2022-05-15 23:02:01 --- Starting backup (Check_MK-ssfdb5-sheffieldsolar-checkmk_backup0 to checkmk_target0) ---
2022-05-15 23:07:04 Verifying backup consistency
2022-05-15 23:07:04 Cleaning up previously completed backup
2022-05-15 23:07:04 --- Backup completed (Duration: 0:05:03, Size: 210.69 MB, IO: 740.66 kB/s) ---

(we can also see the resultant backup file in the configured backup directory) but despite this checkMK leaves the backup in a CRIT alert state.

I notice a few other posts in this forum that may be the same problem; their threads all look to have automatically closed before finding a resolution to the issue posted (such as CRIT - Backup completed or Check_Mk backup daily : it has succed in the backup section but the plugins says it has failed)

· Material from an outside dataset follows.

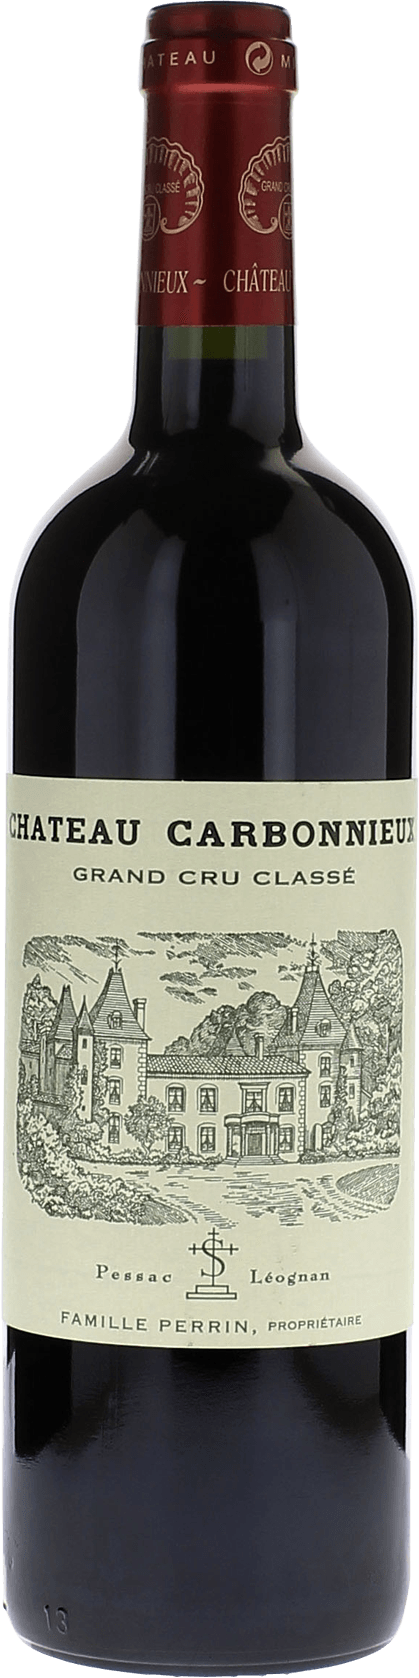 Carbonnieux 2000 cru class Pessac-Lognan, Bordeaux rouge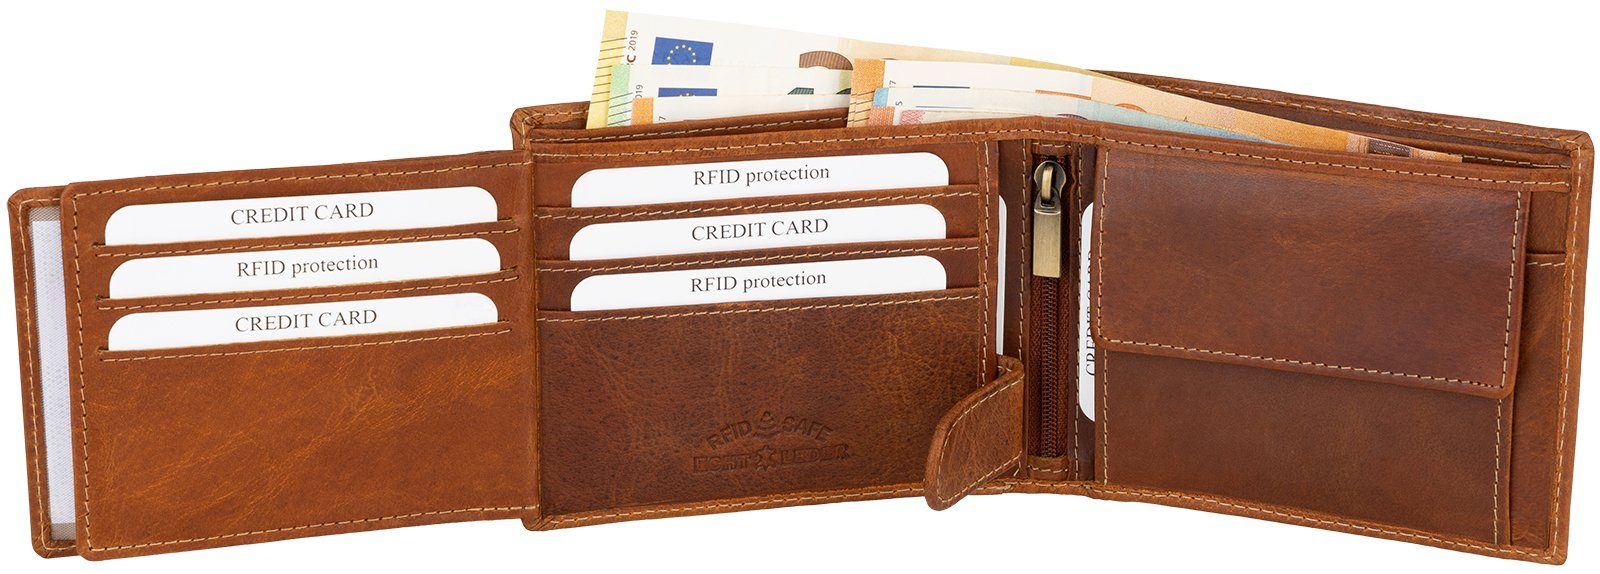 echt RFID Geldbörse Jennifer Querformat, Geldbörse Portemonnaie Geldbeutel Schutz Herren Leder Jones RFID

The site is set to the Europe/London timezone, currently in BST (UTC+1).

I speculate that the issue is something to do with time arithmetic or comparison. Backups are currently set for 00:02 every day. Note how checkmk’s report describes the backup as running for 5 m from 2022-05-15 23:02:01 till 2022-05-15 23:07:04, but then mentions the Next run: 2022-05-16 00:02:00. The former are the UTC times, the latter is a BST (UTC+1) time. The latter is in fact not the start of the next backup, but the start of the backup just completed (e.g. 2022-05-15 23:02 UTC == 2022-05-16 00:02 BST), which will lead mkbackup to think that the next backup is due to start before ‘now’ (more explanation below).

Looking at the program reporting the backup results (and I believe triggering the CRIT status) in /opt/omd/sites/sitename/share/check_mk/checks/mkbackup, the lines 92-101 look particularly relevant,

    next_run = job_state["next_schedule"]
    if next_run == "disabled":
        yield 1, "Schedule is currently disabled"

    elif next_run is not None:
        if next_run < time.time():
            state = 2
        else:
            state = 0
        yield state, "Next run: %s" % get_timestamp_human_readable(next_run)

so assuming that a state of 2 equates to a CRIT, this can be caused by next_run being set to the time of the just-completed backup rather than the next one. I suggest that this could be why these erroneous CRIT alerts occur. next_run comes from job_state["next_schedule"] but I haven’t fully understood where job_state comes from yet.

I tried digging further and downloaded the source of check_MK but started to get lost reading the code; cmk/utils/schedule.py was looking like it might be relevant.

Update: I’ve found that the server is set to Europe/London in /etc/timezone (so BST) but UTC in $OMD_ROOT/etc/environment, so if check_MK is doing any date-time checks ‘naively’ - i.e. without considering the timezone, or without having normalised date-times to (say) UTC - then this might explain the behaviour in case the dates being compared had different timezones connected to them. If so that would still be a bug.

Any thoughts? Anyone else seeing this issue?

On changing the system timezone to match checkmk’s timezone (/etc/timezone, $OMD_ROOT/etc/environment) the erroneous CRIT alerts have stopped, so that looks to be the root of the problem. It does however suggest a bug in checkmk in that it’s probably handling dates “naïvely”, by not taking into account their attached timezone (or discarding this information), so there’s likely to be other places where this could cause unexpected errors (when comparing datetimes derived from underlying system commands and datetimes derived from checkmk calls). Of course on most systems it’s fair to assume that the timezones configured will match, but since the option exists to specify checkmk’s timezone as being different from the system’s timezone it’s disappointing that this can then trigger bizarre checkmk errors.